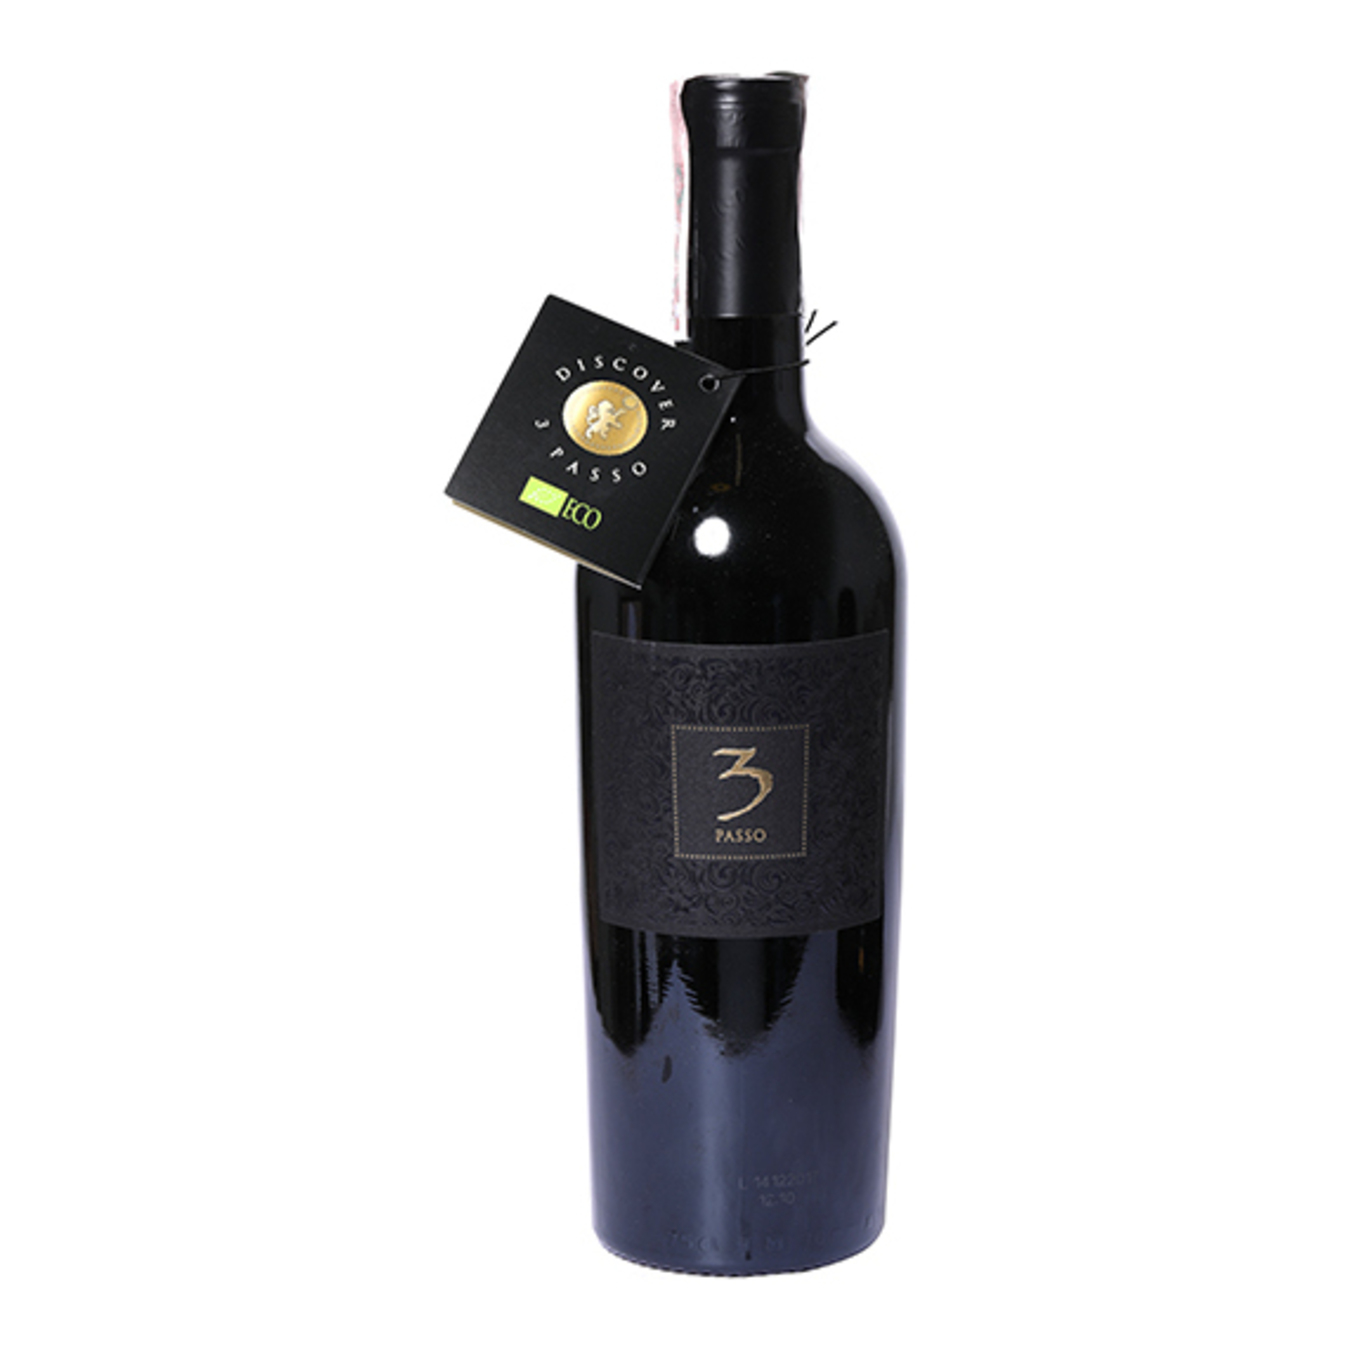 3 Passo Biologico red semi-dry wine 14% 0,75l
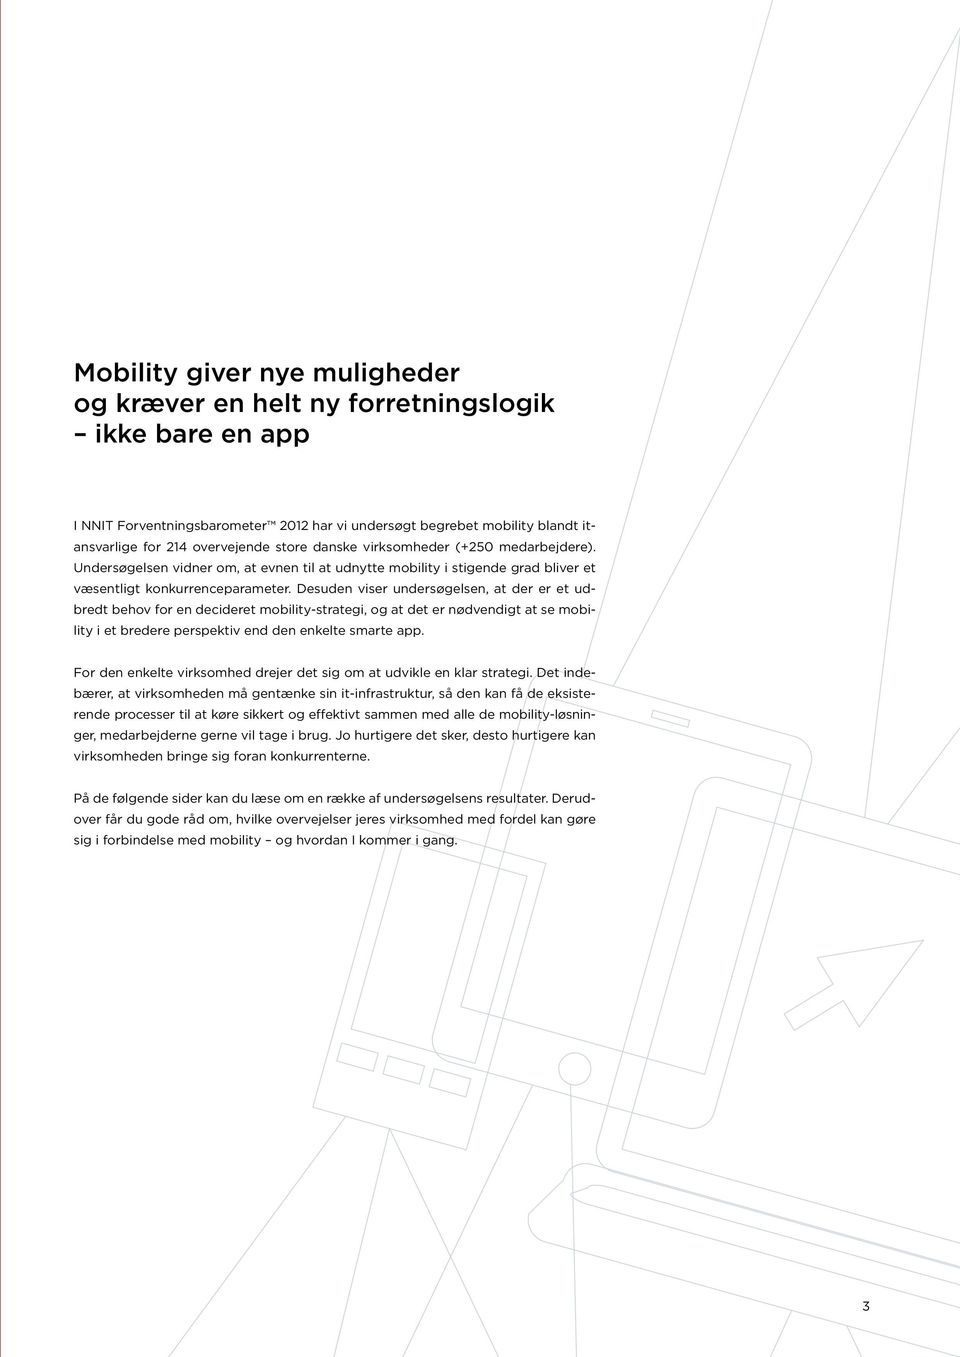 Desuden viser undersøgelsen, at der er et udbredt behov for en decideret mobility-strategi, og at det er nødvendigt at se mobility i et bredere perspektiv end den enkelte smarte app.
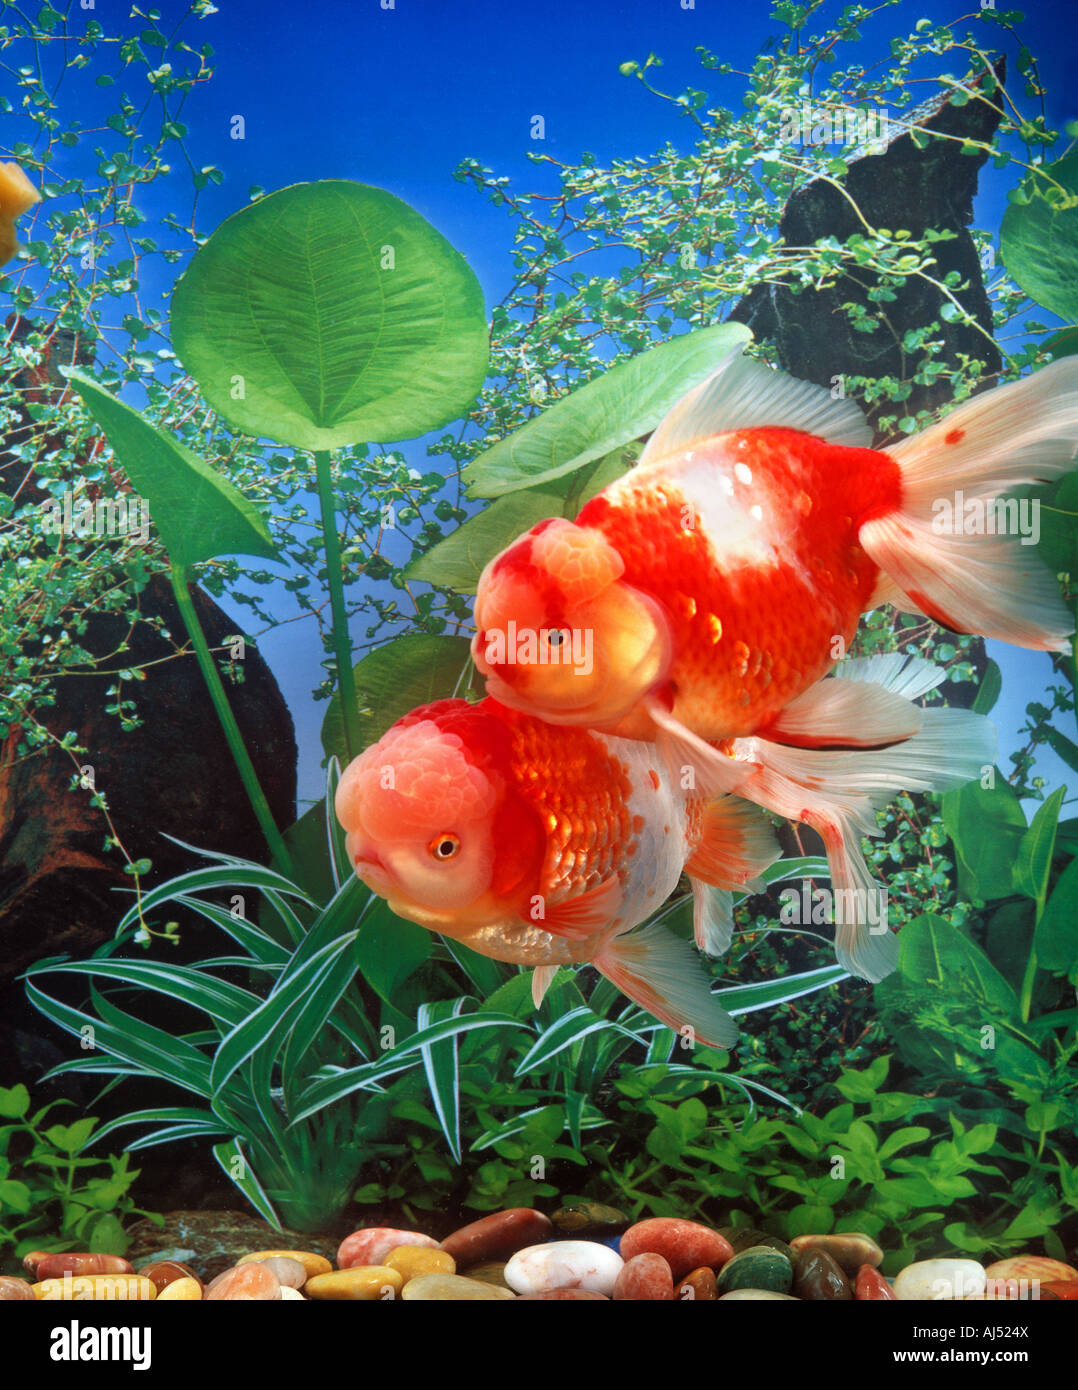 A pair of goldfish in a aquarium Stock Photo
-------------------------
◆ WHAT THIS TASK INVOLVES
Return the lines of the data above in full and exactly, with no pictures.

◆ WORKED SOLUTION
 3 Passo Biologico red semi-dry wine 14% 0,75l
 Desuden viser undersøgelsen, at der er et udbredt behov for en decideret mobility-strategi, og at det er nødvendigt at se mobility i et bredere perspektiv end den enkelte smarte app.
 A pair of goldfish in a aquarium Stock Photo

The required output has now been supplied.